Promoting Calm With Your Lifestyle

  • Get enough sleep. When you don’t get enough sleep or your sleep cycle is disturbed, it can leave you prone to stress (especially if you’re already a worrier). Sleep allows your muscles and brain to relax and repair themselves so you can start the day with a lower “baseline” anxiety. Even small disturbances in your sleep can drastically affect your memory, judgment, and mood. Get the sleep you need to help you stay calm throughout the day.
  • The recommendation for adults is between 7-9 hours of sleep per night. This figure is higher for adolescents.
  • People who don’t get enough sleep report symptoms of stress, such as feeling irritable, angry, or overwhelmed, much more than people who get enough sleep.
  • Try to go to bed and wake up at the same time every night, including weekends. This will help your body regulate your sleep.
  • Avoid napping after 5 PM, heavy dinners, stimulants in the evening, and blue-light screens before bed. These can all interfere with your ability to get a good night’s sleep.

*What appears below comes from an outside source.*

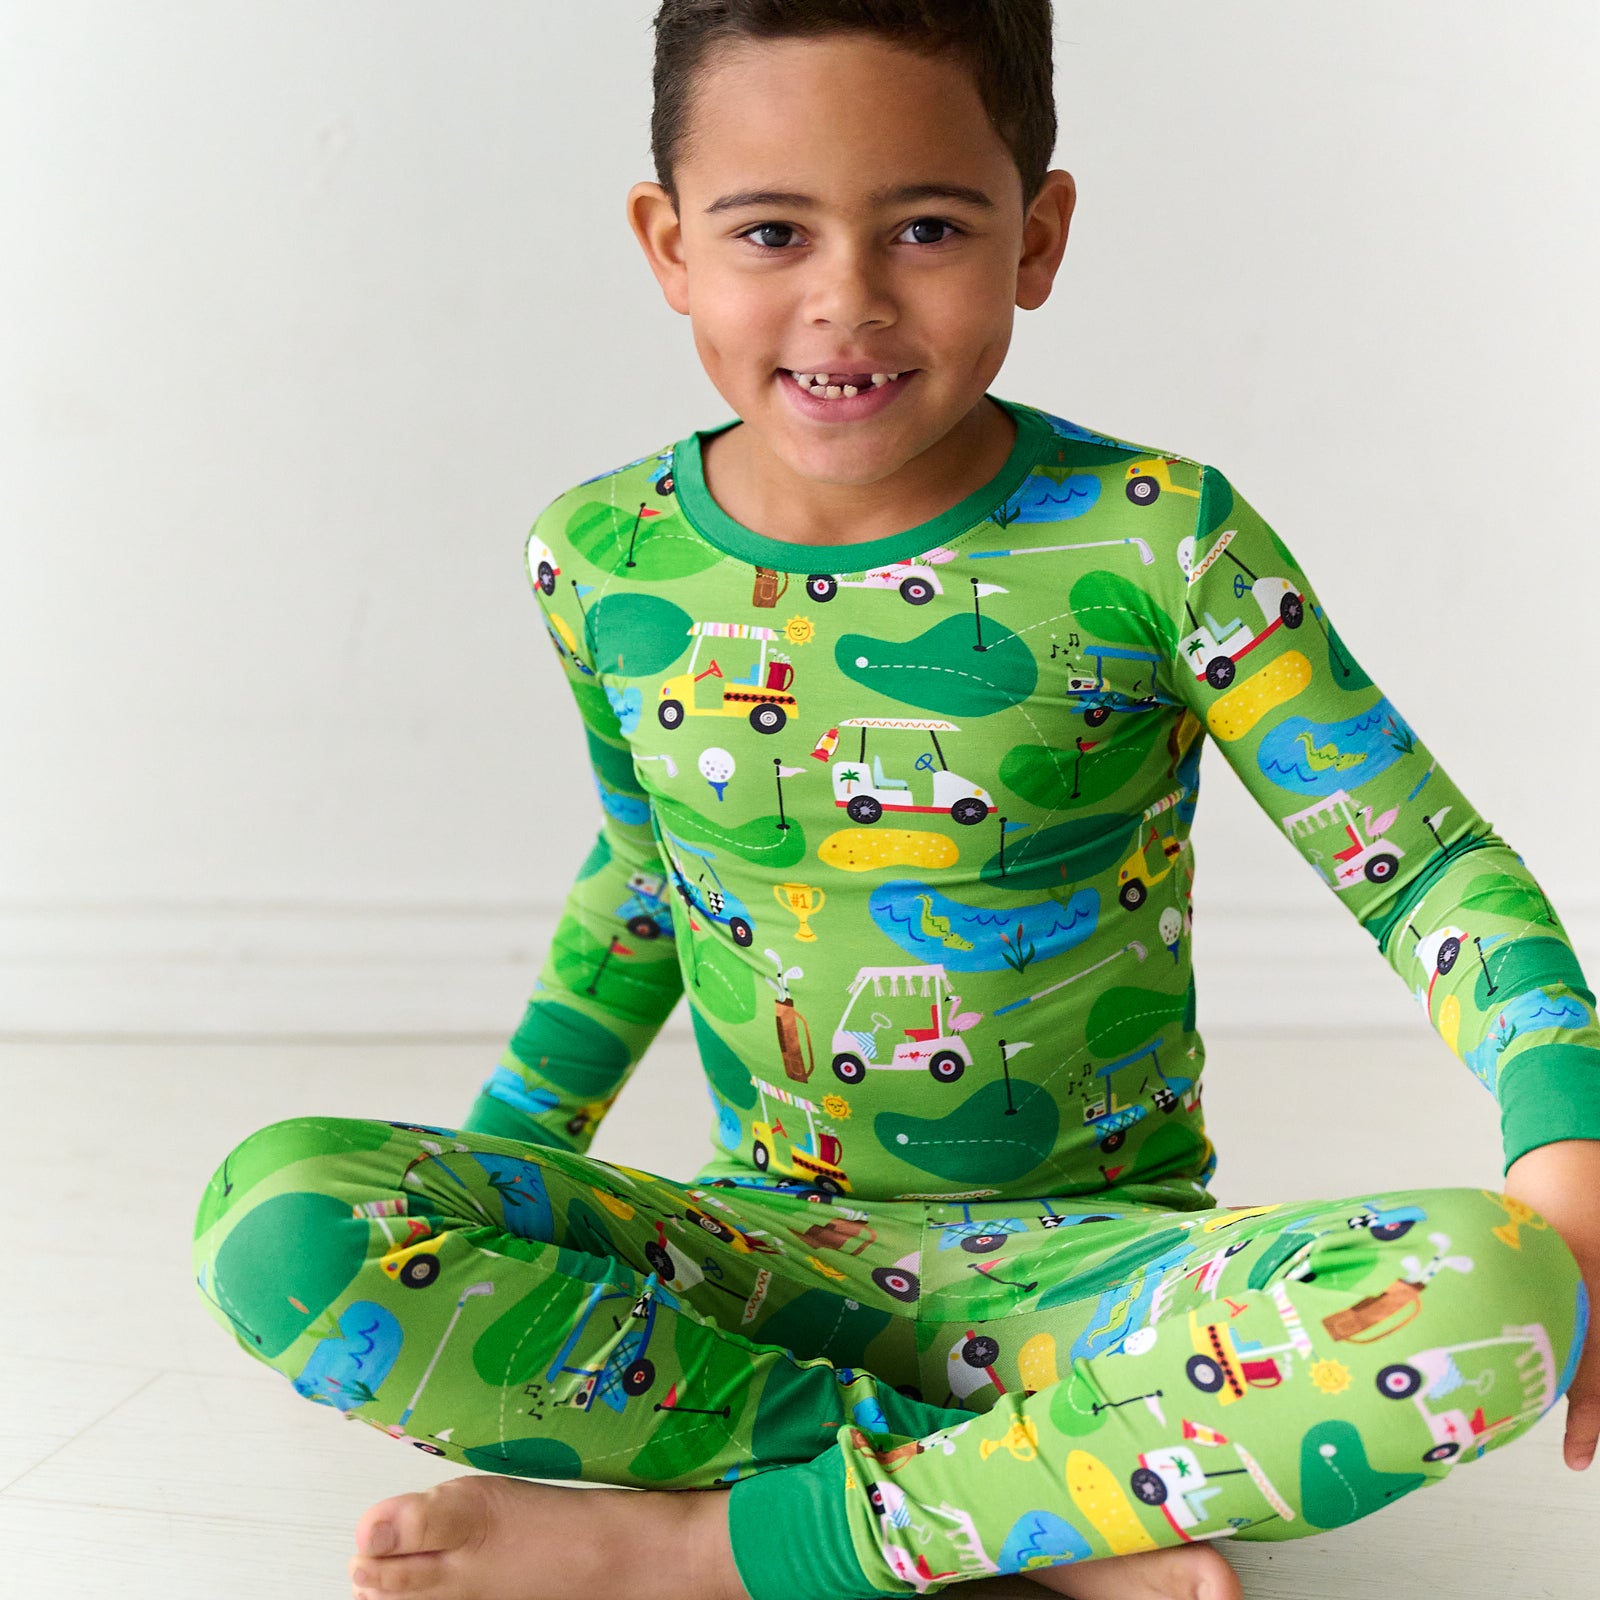 Child sitting on the ground wearing a Fairway Fun two-piece pajama set

  • Limit caffeine, alcohol, and nicotine. Caffeine is a stimulant that can help you feel more alert and energetic, but it also exaggerates your body’s stress responses. If you must drink caffeine, try to avoid drinking more than 200mg a day (about two cups of brewed coffee). Don’t drink caffeine after 5 PM to avoid interfering with your sleep cycle. Stimulants also disturb your sleep cycles.
  • Alcohol is a suppressant, which means that is reduces tension or stress in the body. Using alcohol to medicate stress is a bad idea, though, because your anxiety will rebound once the alcohol is out of your system (and alcohol won’t address your root problems). It may make it easier to fall asleep, but it also seriously disturbs your REM sleep, leaving you feeling tired and worn-out the next day.
  • If you do drink alcohol, make sure you do it in moderation. The National Institute on Alcohol Abuse and Alcoholism recommends that if you are male, you should not drink more than 4 drinks in one day and no more than 14 drinks per week. If you are female, do not drink more than 3 drinks in one day and no more than 7 drinks per week.
  • A “standard drink” may be less than you think. The NIAAA defines one drink as: 12 ounces of regular beer, 8-9 ounces of malt liquor, 5 ounces of wine, or a 1.5-ounce shot of 80-proof spirits.
  • Nicotine is also a powerful stimulant that exaggerates your body’s stress responses. Smoking is very bad for your health, and the longer you smoke, the worse the damage is. Be aware, though, that quitting smoking can be very stressful itself, so quitting during a period of high stress may not be the best idea.
  • Avoid negativity when you can. Exposure to negativity too often can encourage your brain to make negative thinking a habit. This obviously won’t do much for the calm mindset you’re looking to cultivate! Sometimes, people need to vent. This is perfectly healthy. However, make sure that the complaining doesn’t go on for too long. Even 30 minutes of a stressful experience like listening to someone else complain can elevate your stress hormones.
  • If you are in a situation where you can’t avoid the negativity, such as at work, try to make a quiet “safe place” for yourself mentally. Retreat there when the pressure gets too much.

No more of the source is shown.